§ **Task details**
Below are some entries. Transcribe the lines from the one holding "Cub Cadet Hydrostatic" to the one holding "Creative Tops Katie", inclusive, but not the pictures among them.

Start of Data for this task

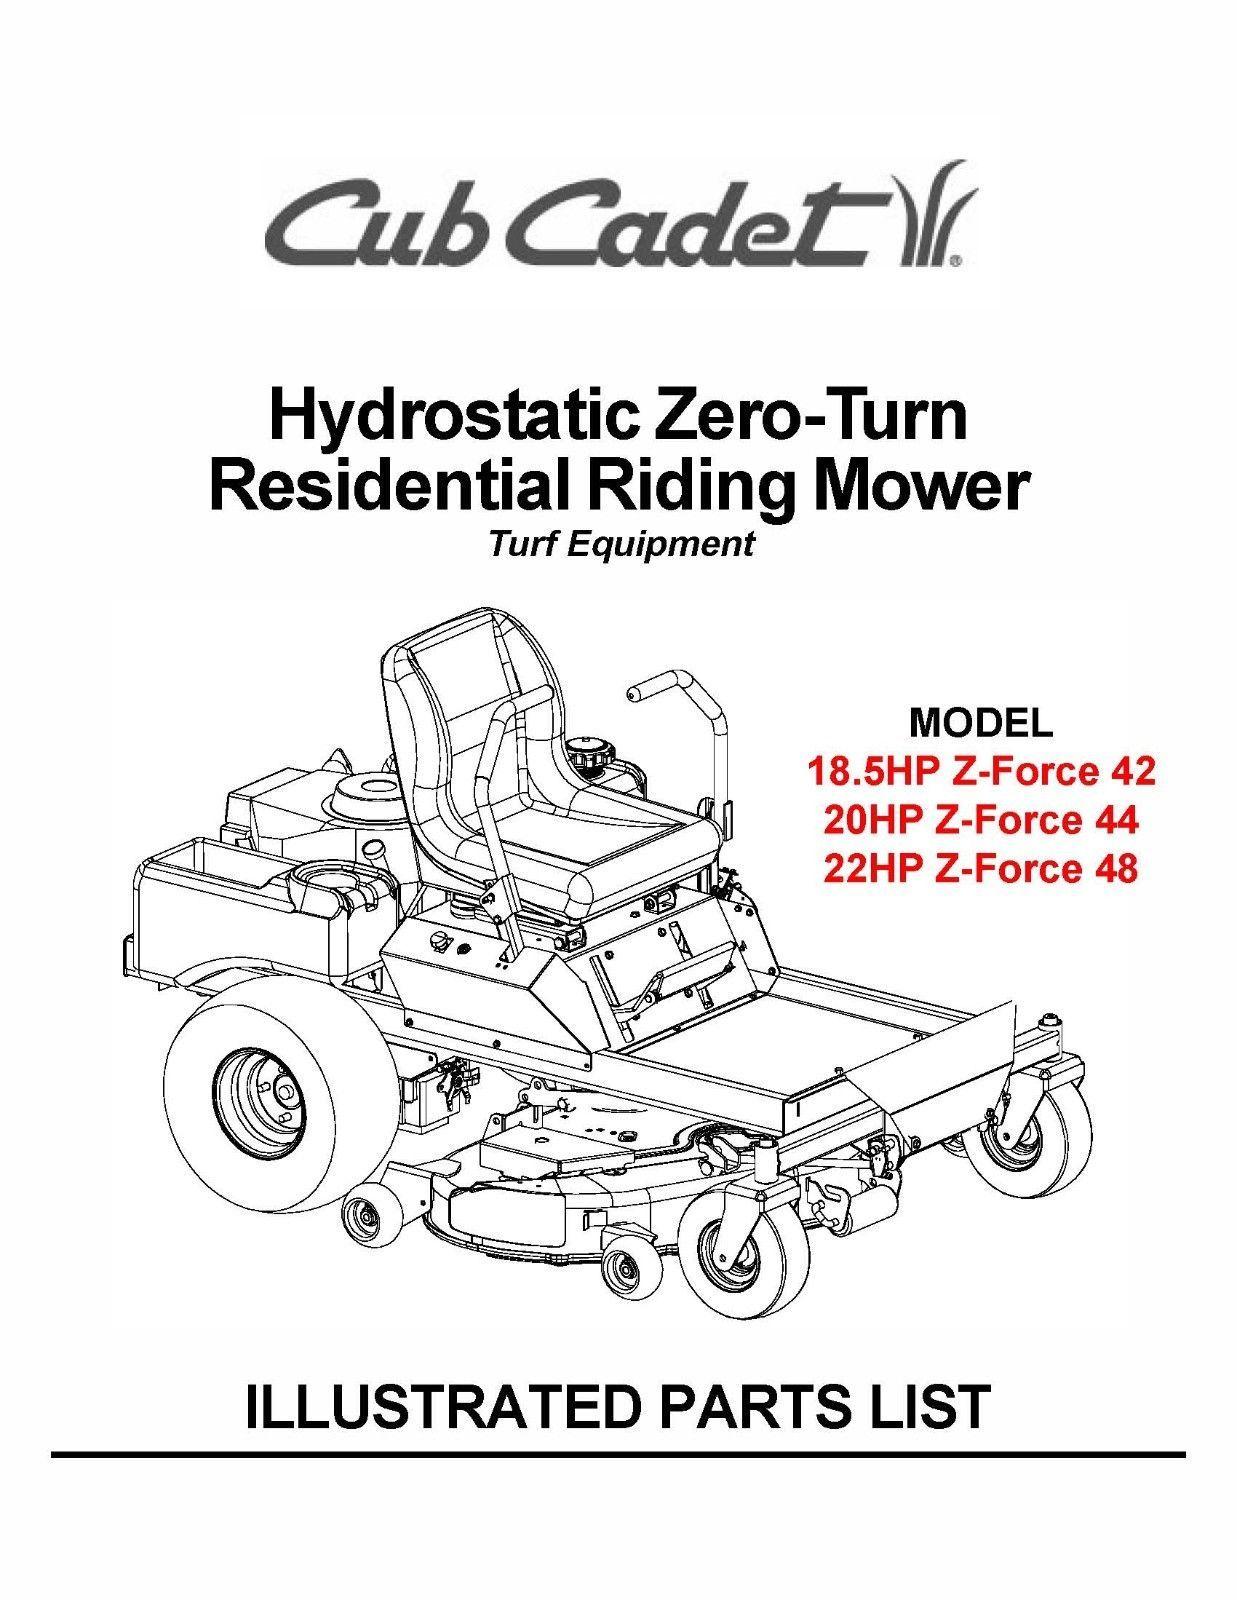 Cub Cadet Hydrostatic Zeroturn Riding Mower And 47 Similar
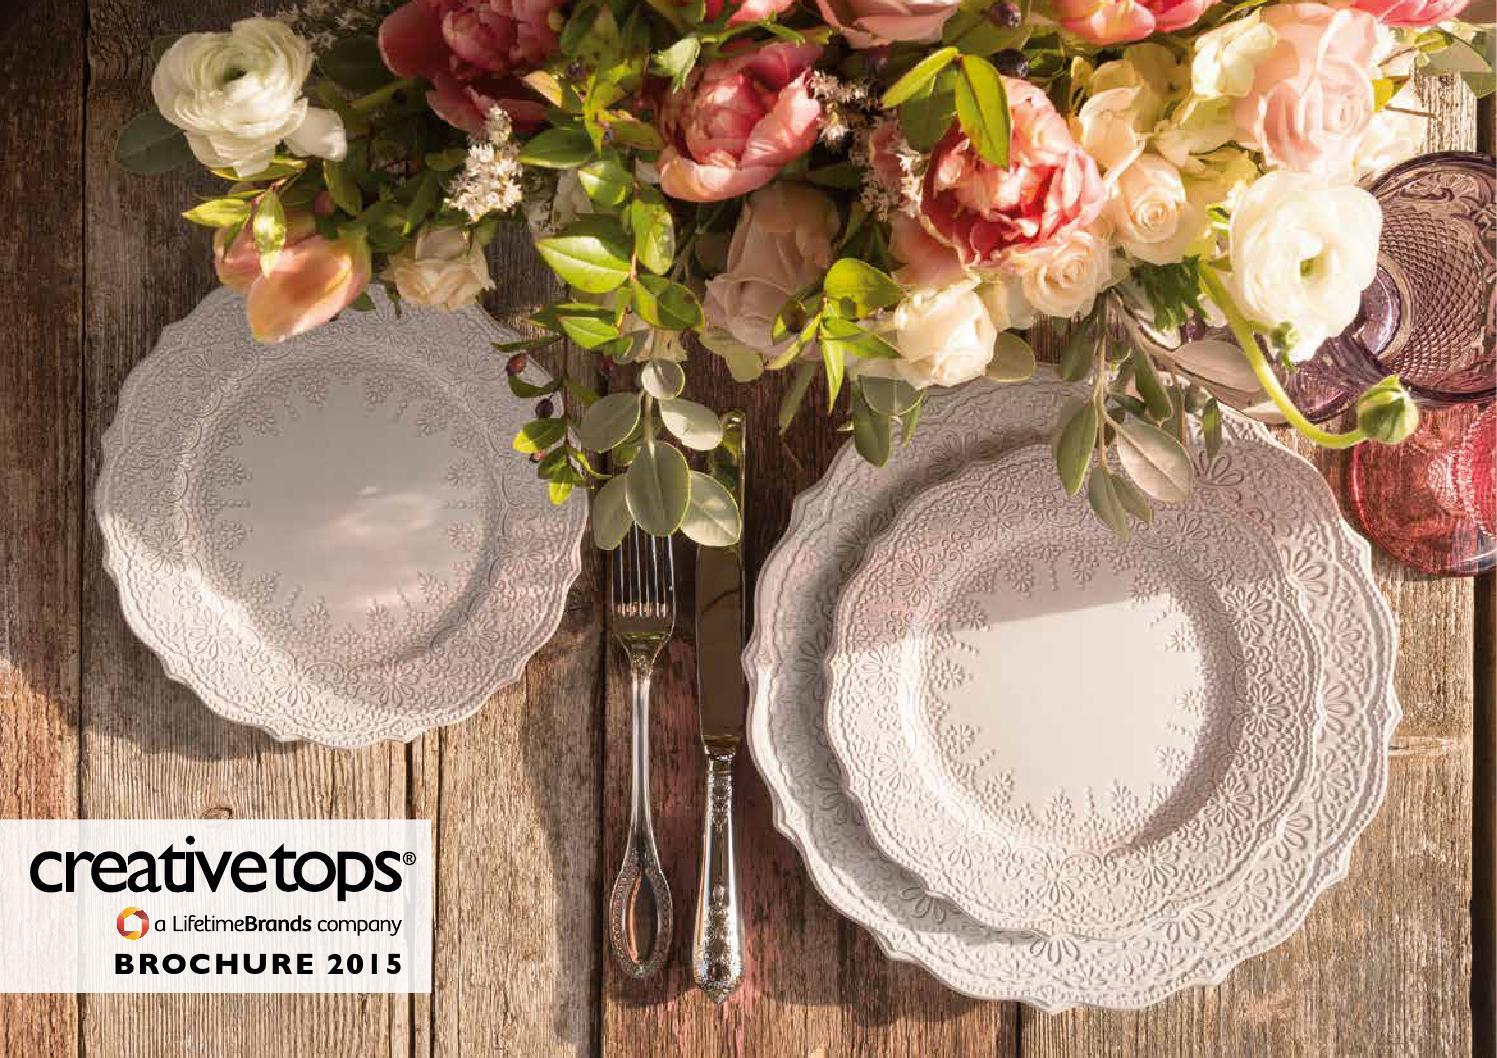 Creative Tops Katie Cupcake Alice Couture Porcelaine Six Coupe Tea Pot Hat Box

End of Data for this task
Start of Data for this task

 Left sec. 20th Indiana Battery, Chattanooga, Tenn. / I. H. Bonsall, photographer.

End of Data for this task
Start of Data for this task

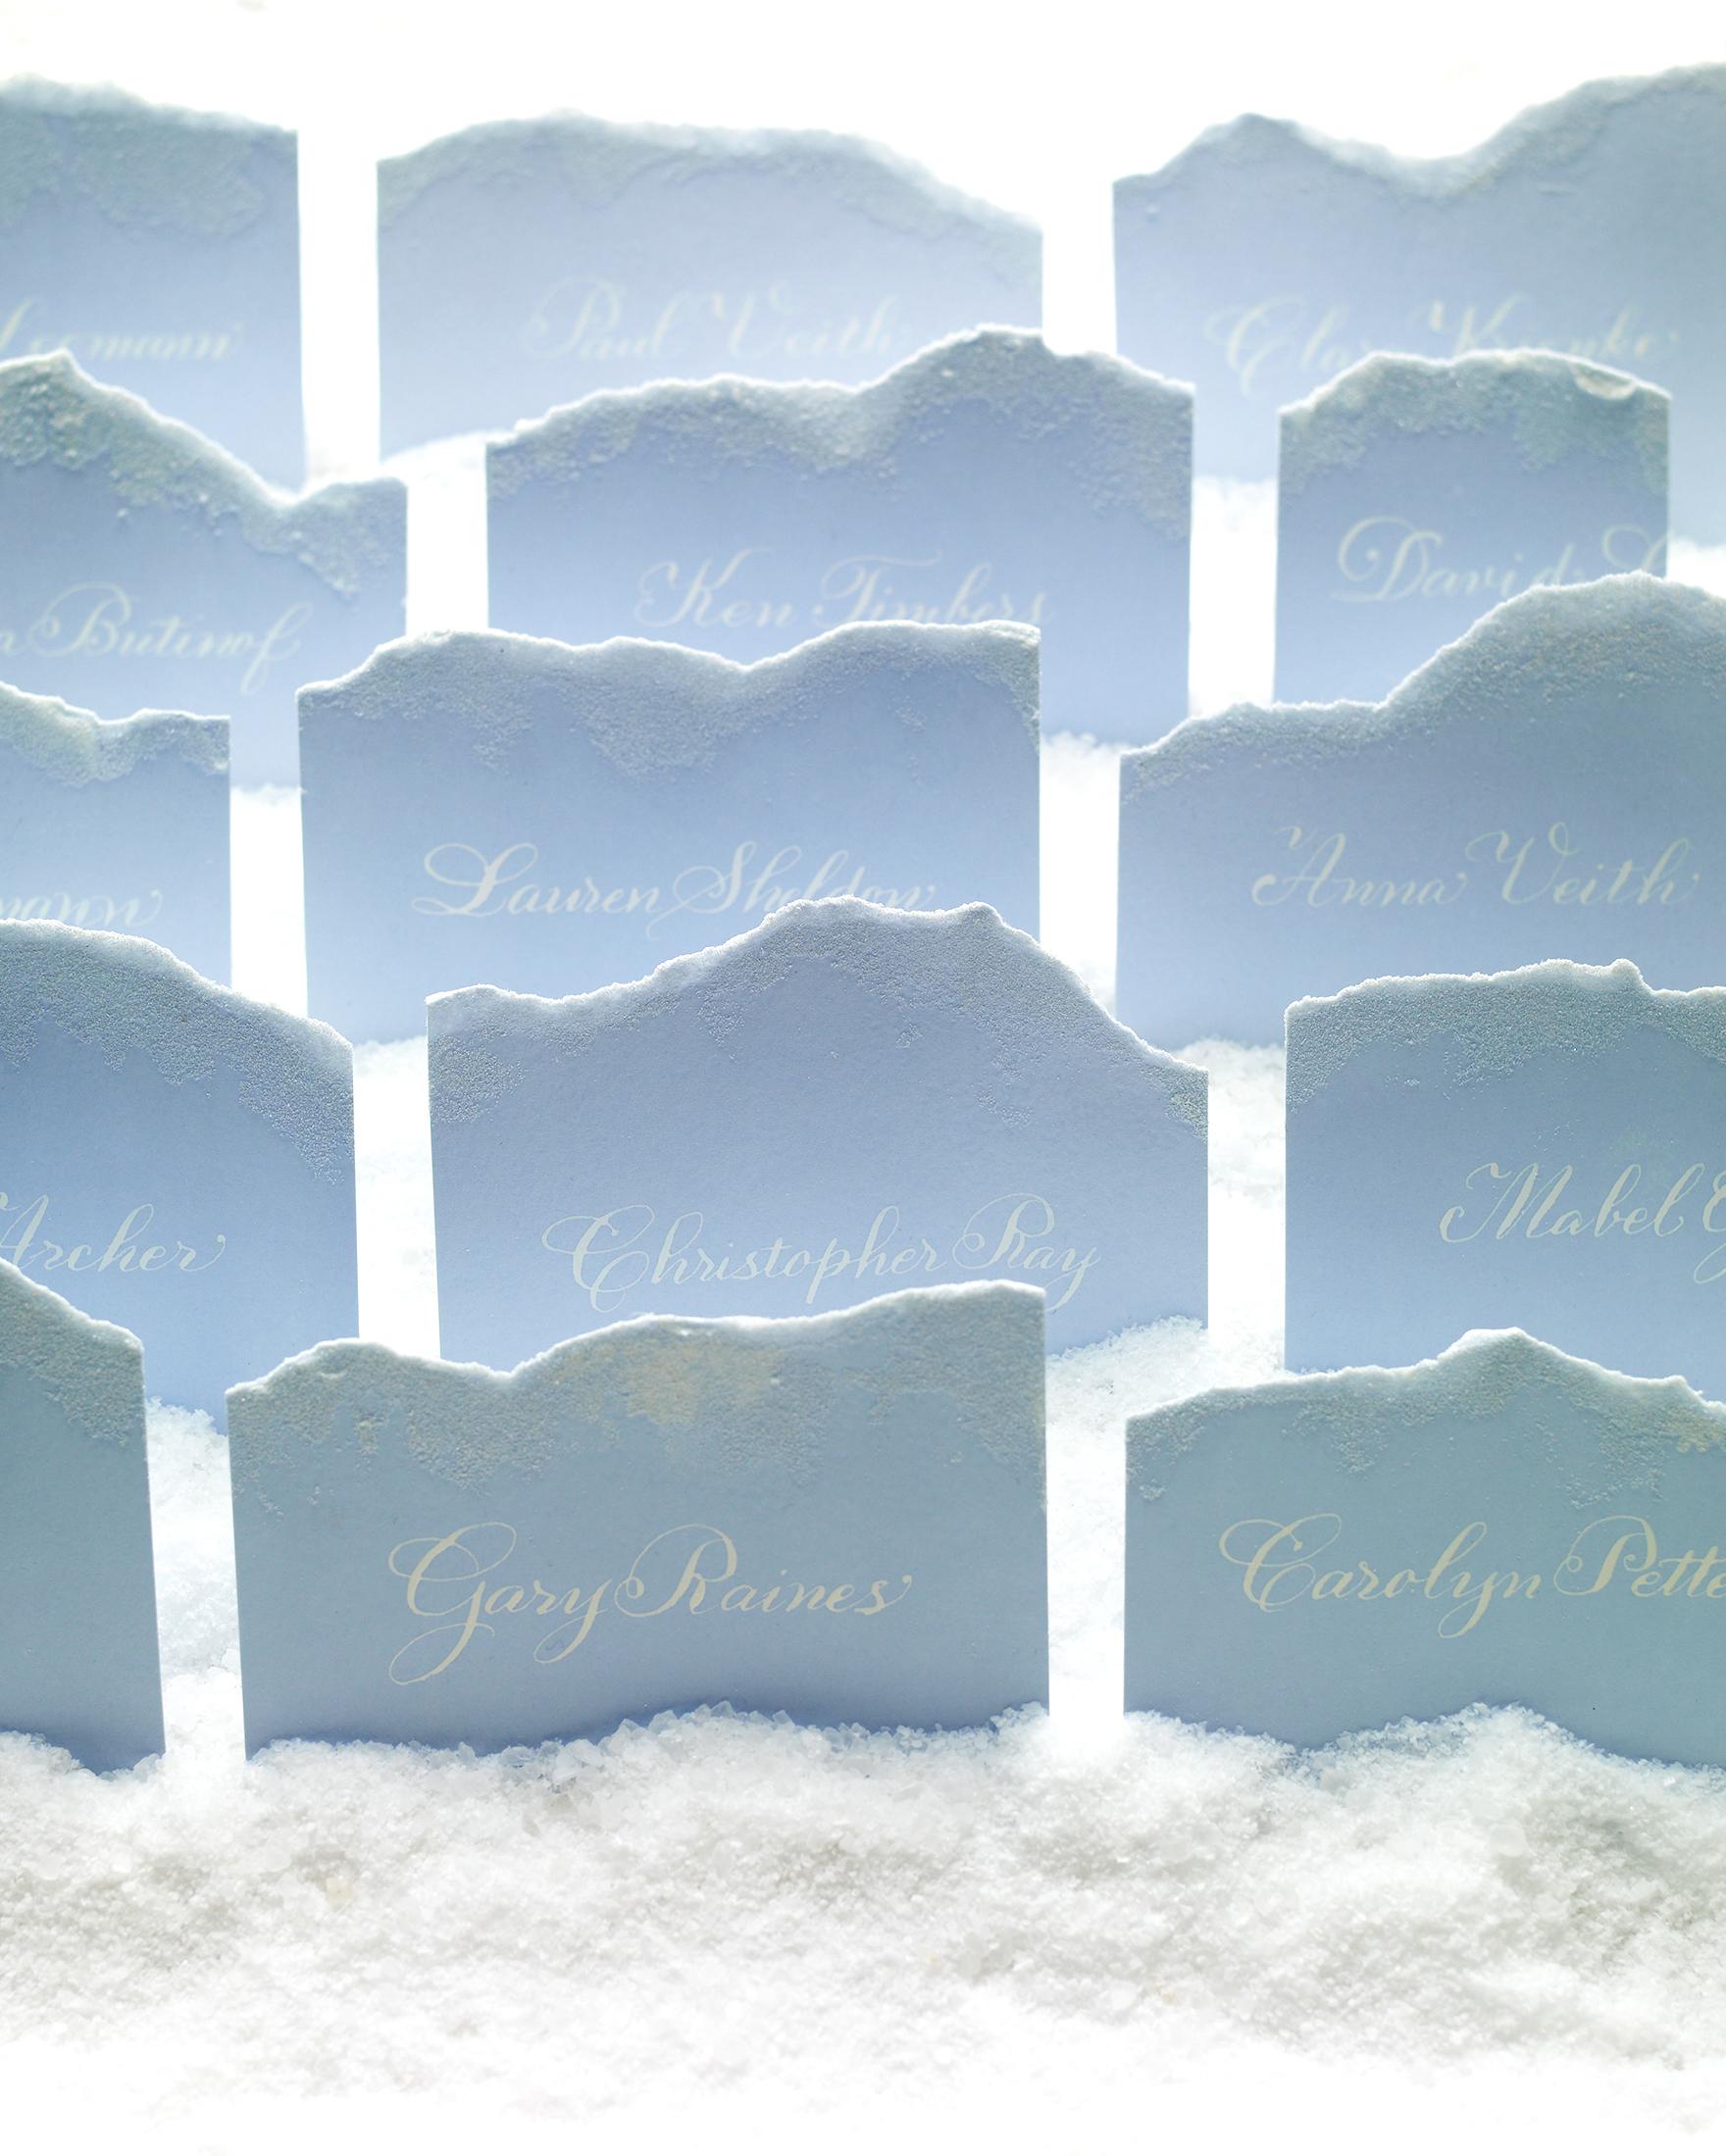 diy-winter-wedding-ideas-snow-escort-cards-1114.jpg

End of Data for this task

§ **Result of this exercise**
 Cub Cadet Hydrostatic Zeroturn Riding Mower And 47 Similar
 Creative Tops Katie Cupcake Alice Couture Porcelaine Six Coupe Tea Pot Hat Box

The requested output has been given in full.